Sam Merullo

It’s not too late to save Oxford Street

Marks & Spencer's store on Oxford Street (Getty images)

Oxford Street – the busiest shopping street in Europe, in a nation once known as an island of shopkeepers – has had at its heart two fine Art Deco monuments to British mercantilism: Selfridges and Marks & Spencer. But in December, the deputy prime minister Angela Rayner granted permission for M&S to demolish and redevelop its flagship London store and replace it with a drab slab of modernism.

For devotees of Art Deco architecture and anyone who cares about beautiful buildings, this is an act of philistinism. But there may still be a glimmer of hope for Oxford Street. London’s mayor, Sadiq Khan, has opened a consultation (ending on 2 May) on the future of Oxford Street. Could this mark a turning point, a chance to reimagine this great thoroughfare for the 21st century?

Khan says that he wants to turbo-charge the regeneration of Oxford Street and create a ‘beautiful space where people can shop, eat and connect.’ Perhaps he might have a word with his Labour colleagues and put a stop to the erection of a hideous building to replace the dignified M&S store.

M&S’s argument for its new building has been consistently inconsistent. Initially, it was couched by supporters in respect of energy and carbon savings. This was a surprise to environmental campaigners, given that the building work is likely to generate up to 39,500 tonnes of C02 emissions.

The other argument was weaker still: that a new build would revitalise the High Street. This was a curious position to take, given that the existing building’s facades are among the most character defining features of Oxford Street.

The tragedy of M&S’s determination to pull down its Oxford Street building is that it doesn’t have to be this way. English architect Francis Terry, in conjunction with Create Streets, has published an alternative culturally sympathetic option. His version embraced the pre-war Trehearne and Norman architecture by retrofitting it to suit modern day retail and commercial development. Crucially, the proposal provided a comparable development square footage and at a similar cost. Yet M&S wasn’t persuaded.

This refusal to see sense is a pity. Terry’s version sought to retain the proud, handsome building which has housed generations of shoppers since the 1920s whilst creating grand and uplifting arcades. As Nicholas Boys Smith observed, it embraced the ‘splendid’ architectural framework that M&S, and its neighbour Selfridges, provide.

It was not a totally purist approach; it supported the demolition of the post war bolt-on at the rear of the original. A Deltapoll survey in February 2024 found the British public overwhelmingly preferred the Terry design by 79 per cent to 17 per cent. Terry’s blueprint was seen as a chance to embrace the best, and improve the worst of the building – but it’s an opportunity which has, seemingly, been spurned.
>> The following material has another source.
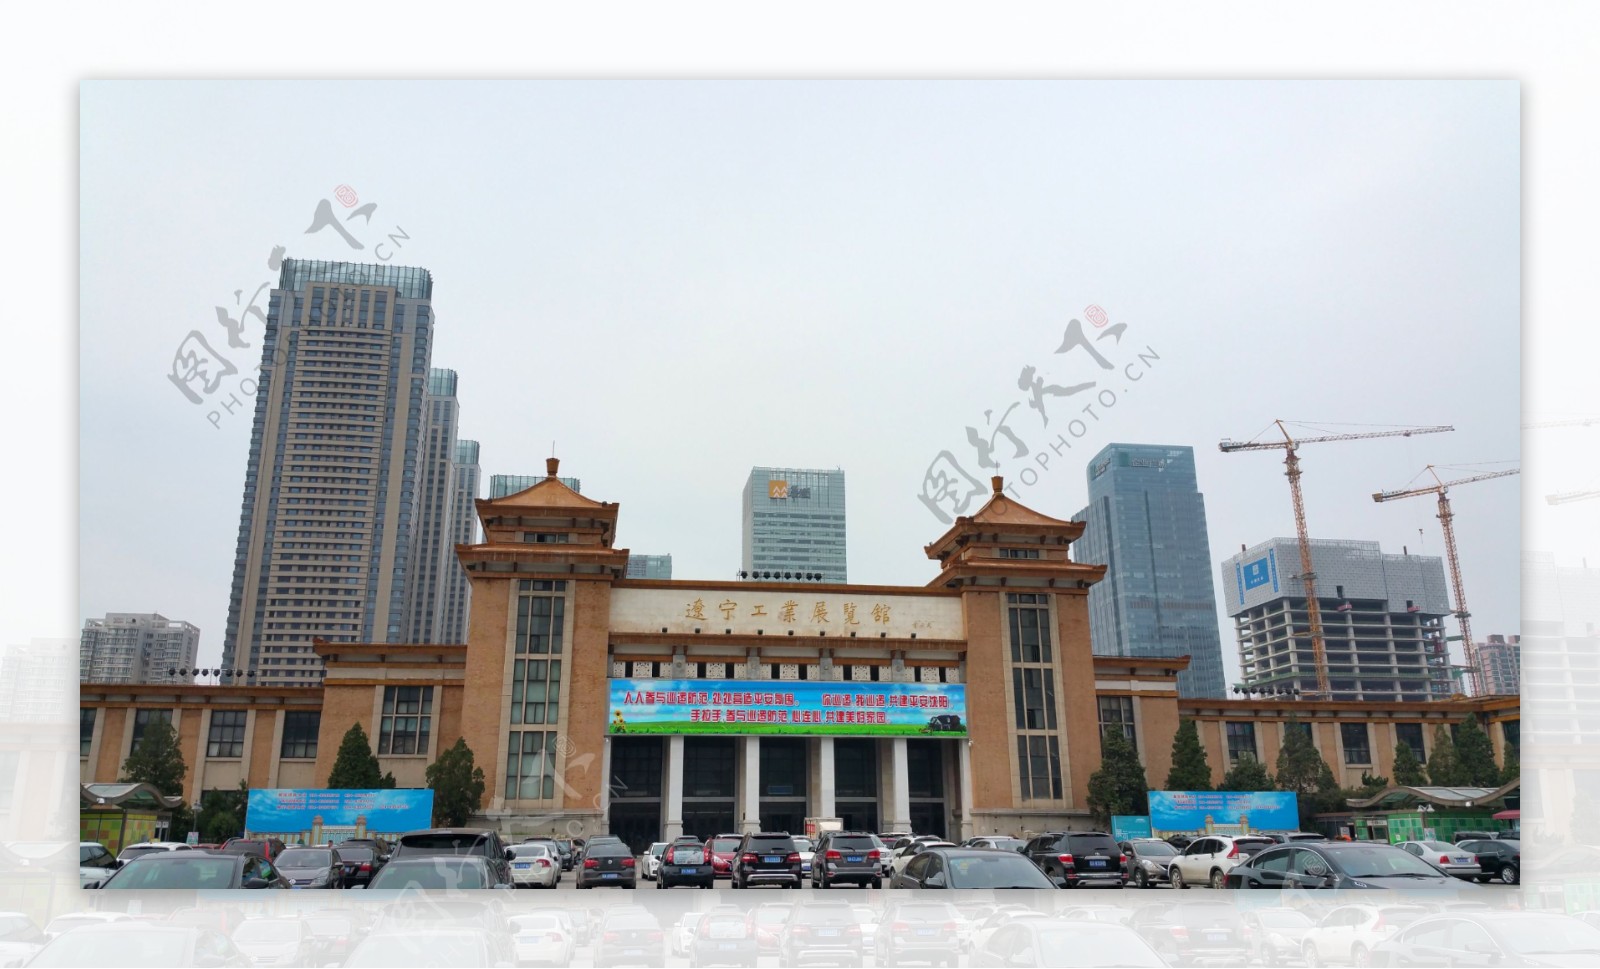 辽宁工业展览馆的建筑图片

The problem is not with the concept of the demolition per se, but also the tedious mediocrity of the proposed replacement – what Boys Smith described, accurately, as a ‘generic 1970s pastiche… complete with a graph-paper façade and a deadening grid of identical windows.’ Any replacement should surely have to be an improvement on the past. But it must also be thoughtful, respectful, interesting – and definitely not dreary.

So where do Labour sit with this? It is an ironic tragedy that they have had to use their endorsement of M&S’s proposal to signpost that they understand growth, enterprise and ‘building for the future.’ Perhaps their October Budget backed them into a corner, forcing them to desperately signal that they understand that the state can indeed be an agent for nurturing enterprise.

Whatever the reason, we must keep our fingers crossed for the Mayor’s consultation. Few will disagree with the exile of candy stores and many will applaud the renewed attempt to pedestrianise London’s former tourist shopping jewel. But sitting as it does in the shadow of the decision to demolish, do we really have confidence that public bodies possess the ability or eye for design to achieve Khan’s goals?

Approving the demolition of the M&S building was a mistake. As Terry has shown, heritage can indeed be combined with growth. His proposal enhanced the character of Oxford Street, injecting life into a High Street in need. But the necessity for knee-jerk pro-business optics was simply too great. A landmark building – and Khan’s dream of revitalising Oxford Street – risks being lost.